Memory copies & zero-copy operations on the Web

Meeting minutes

Francois: at the origin of this breakout session, there was a machine learning workshop organized by Dom in September
… the topic of efficiency issues with real-time media processing was raised by several speakers
… Bernard Aboba in particular mentioned the cost of memory copies in that context
… Likewise, Tero mentioned that in the context of music processing with ML, moving bytes around takes as much processing time as doing the actual processing
… This is not a ML-specific issue
… the GPU on the Web has had similar conversations on the topic last week
… this issue spans multiple groups
… as a result, it may not have a clear owner
… which is why we're convening this conversation
… would like to start by introducing the situation as I understand it
… then I want us to discuss, with a goal of clarifying whether everything is already under control or if instead we need some coordination effort somewhere
… to reason about this, I thought I would start by trying to represent the different components involved in memory copies
… a very rough and incomplete, possibly wrong visualization
… we can split memory between CPU & GPU (generally physically different)
… which means that data needs to go from one to another depending on which unit does the processing
… if you add the browser to this landscape, it manages JS & WASM with CPU, where GPU is under the control of WebGL / WebGPU
… in JS, there are various threads (incl via workers)
… and then browsers will interact with various pieces of hardware and external devices, incl hardware encoders/decoders
… all of these blocks needs to communicate with the browser as a mediator
… which means memory copies as soon as one of the boundaries get crossed
… in a non-optimized version at least
… Memory copies are needed to transfer across boundaries (some physical, some not but may be linked to security checks)
… copies may be needed due to difference of structures (e.g. buffers in JS vs WASM, RGBA vs YUV)

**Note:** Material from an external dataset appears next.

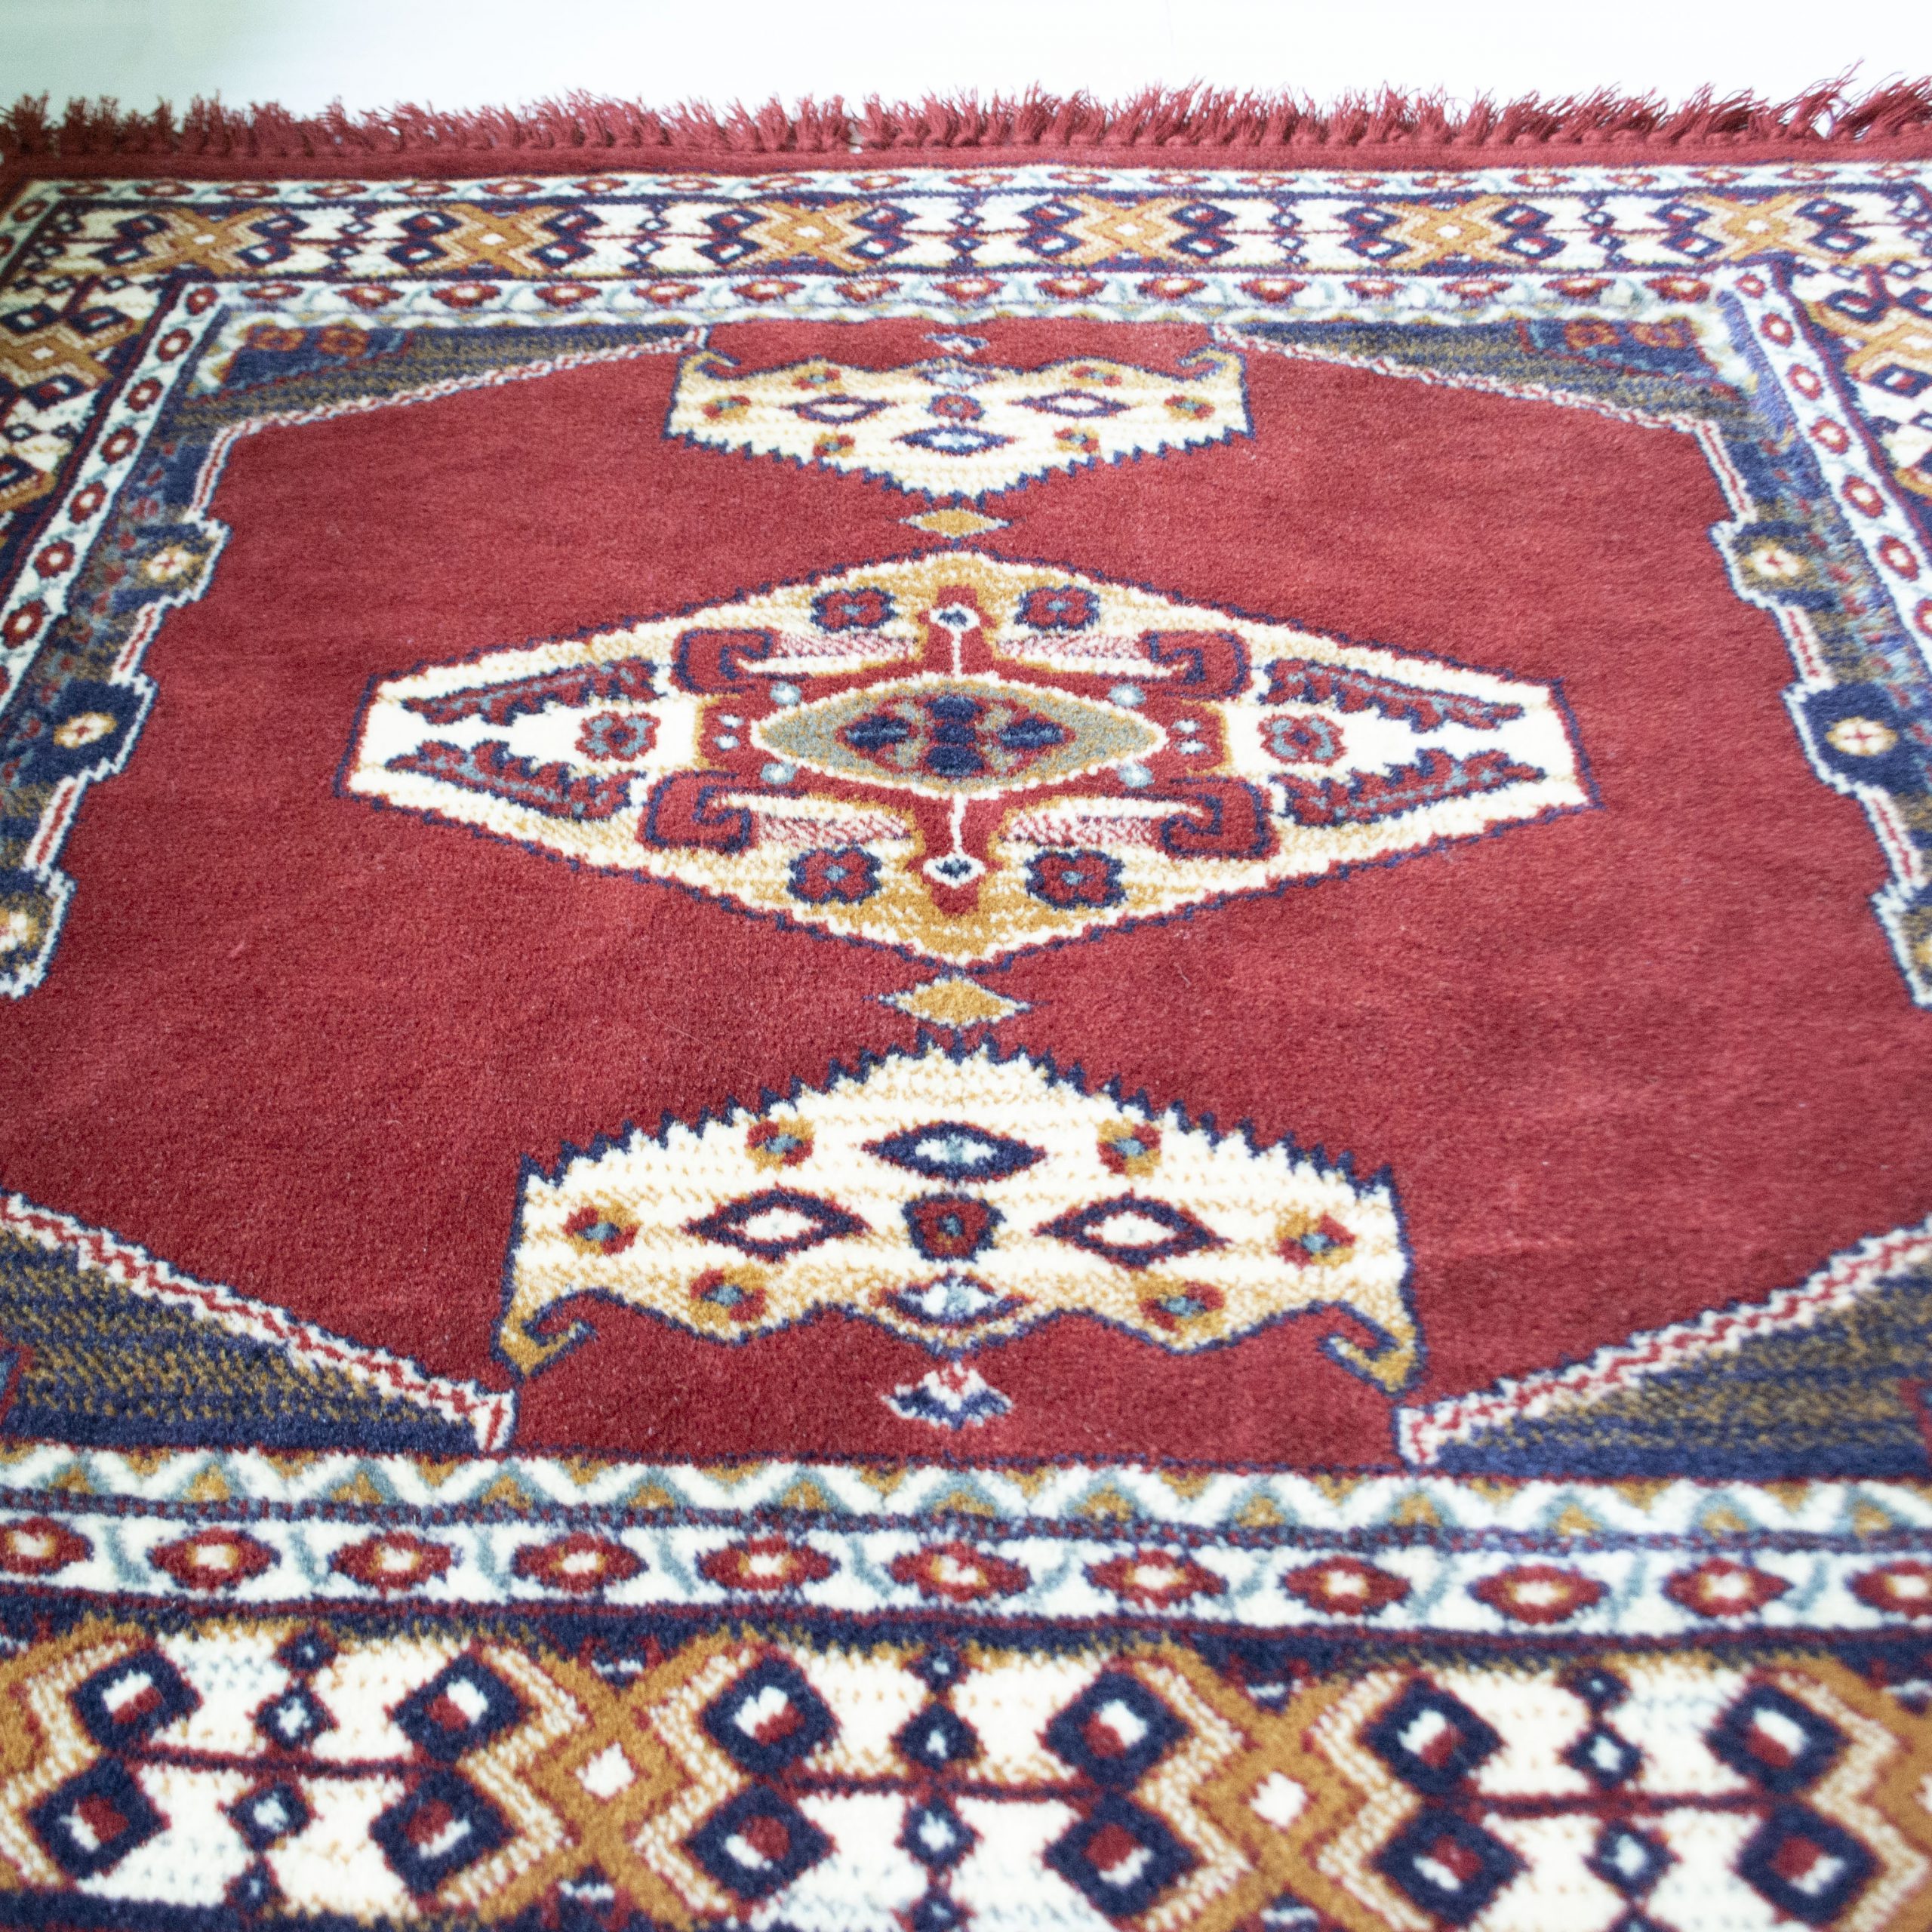 Skim Meetbaar Kapel Vintage tapijt/vloerkleed rood - End of April - Vintage tapijt/vloerkleed  rood

Francois: sometimes, there is a need for a copy for behavior invariant
… sometimes, a copy leads to a better API design
… sometimes, a copy doesn't matter from a performance perspective
… What would it take to reduce memory copies? This would require enabling direct access in a given pipeline
… e.g. allow full media processing in the GPU
… there are already mechnasisms in place to help: sharedarraybuffer, transferable interfaces
… and a number of opaque interfaces where bytes aren't exposed to allow browsers to optimize memory handling (e.g. mediastreamtrack, opaque frames in WebCodec, nodes in WebAudio)

Francois: giving the floor to Bernard to share an example where memory copies show up

Bernard: the use case I wanted to highlight is the gallery view that has become popular in teleconferencing, esp in the context of education
… native apps go up to 7x7 in gallery views, where web apps are limited to 4x4
… the bandwidth is not issue - the bottleneck is in the receive -> display path
… implementing this natively, we've been able to use a full-GPU processing pipeline from reception onwards
… this enables 7x7 gallery at 30FPS
… each copy added in the pipeline reduces the gallery size - 1 copy → 5x5, 2 copies → 4x4, 3 copies (which is what we have with WebTransport today) → 3x3
… here the memory operation has a direct impact on performance
… this involves no ML processing
… (background blur would happen on the sending side, not receiving)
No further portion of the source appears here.